I'm nor familiar with this substrate Mark but can't you just use some sand or a fine gravel?  I find sand anchors my HC and hairgrass well.


----------



## Mark Evans (17 Jan 2009)

Ed Seeley said:
			
		

> I'm nor familiar with this substrate Mark but can't you just use some sand or a fine gravel?

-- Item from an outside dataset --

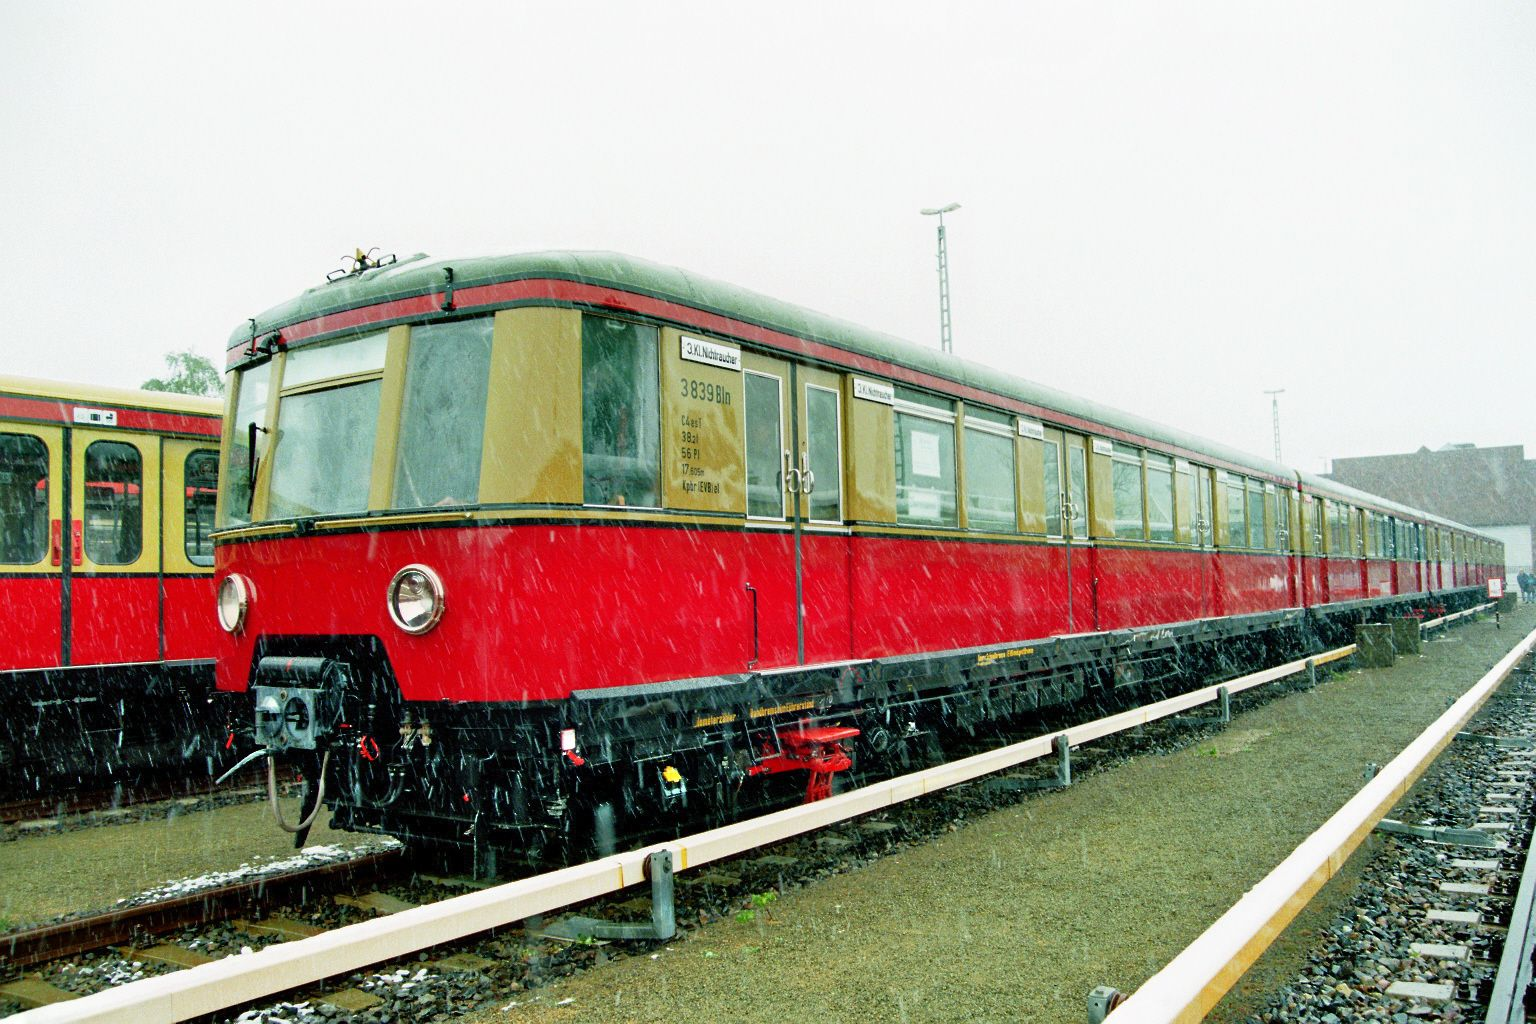 S-Bahn 3839, Bauart 1938/1941, ex 167 006, ex 277 003, Baureihe 167, im Schnee, Schöneweide, Oktober 2002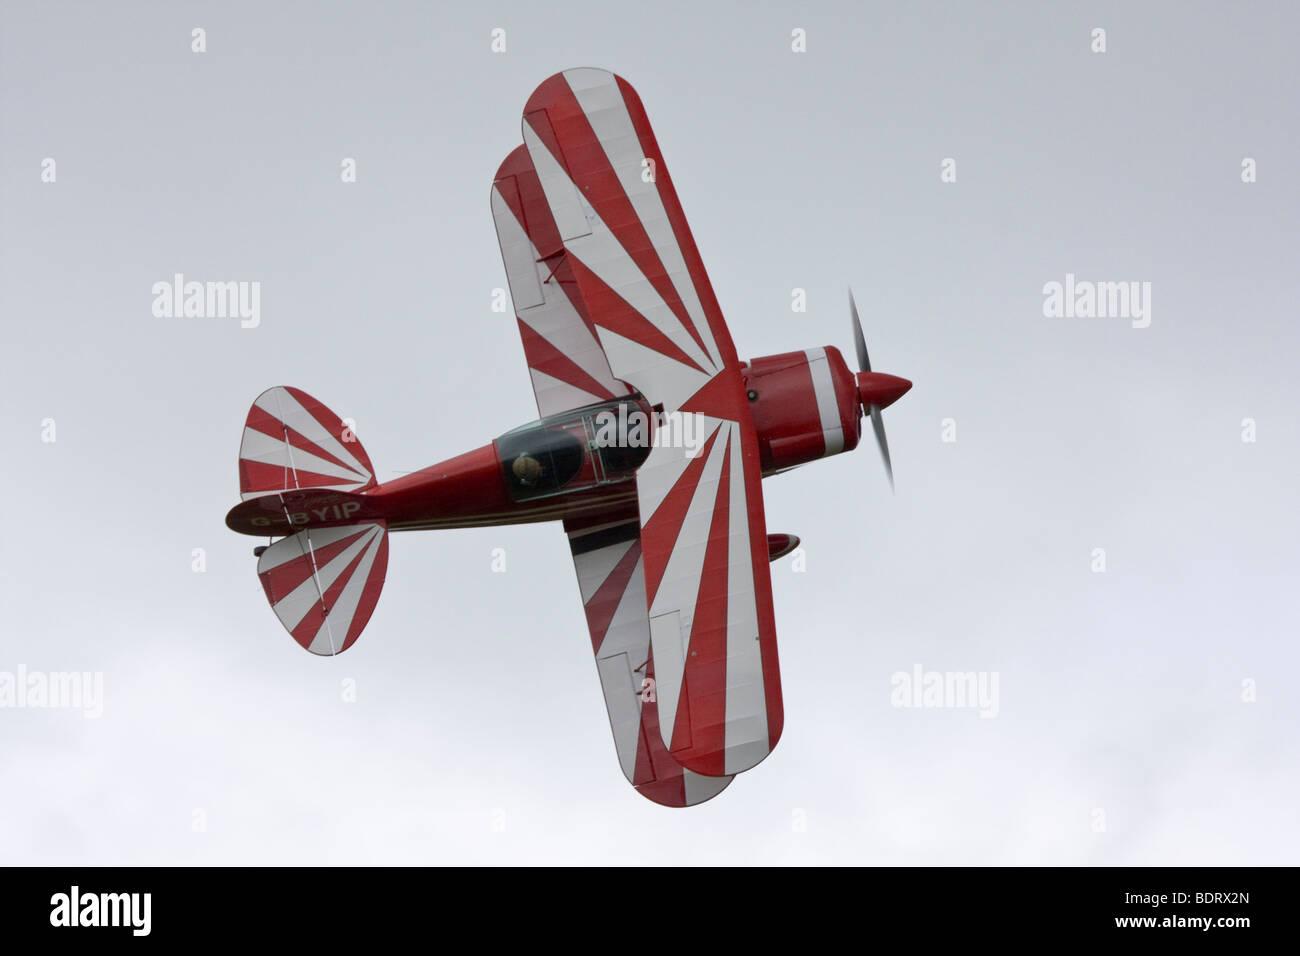 Pitts S-2A due speciali sedile biplano acrobatico Immagini Stock

I find sand anchors my HC and hairgrass well.



aquabasis plus from jbl.

how thick is your sand topping ed?


----------



## aaronnorth (17 Jan 2009)

I use sand on top off my JBL. 2" JBL, 0.5"-1" thick sand. (sloped towards rear)


----------



## Ed Seeley (17 Jan 2009)

saintly said:
			
		

> Ed Seeley said:
> 
> 
> 
> ...



I've got about 1.5" of sand on top of Tetraplant Complete at the front of one tank and a 2" layer at the front of another tank.  It's BD Aquarium sand which I use in all my tanks.


----------



## JamesM (17 Jan 2009)

I've used JBL Aqua Basis on its own - looks great too


----------



## Mark Evans (17 Jan 2009)

JAmesM said:
			
		

> I've used JBL Aqua Basis on its own - looks great too



nothing on top?


----------



## JamesM (17 Jan 2009)

saintly said:
			
		

> JAmesM said:
> 
> 
> 
> ...


Nope, nothing. 

Later I added a small amount of playsand and a few bits of gravel to make it look a little more natural, but it was fine without. Try a small amount in a jug or something mate


----------



## Nick16 (18 Jan 2009)

does it not stir up really badly?


----------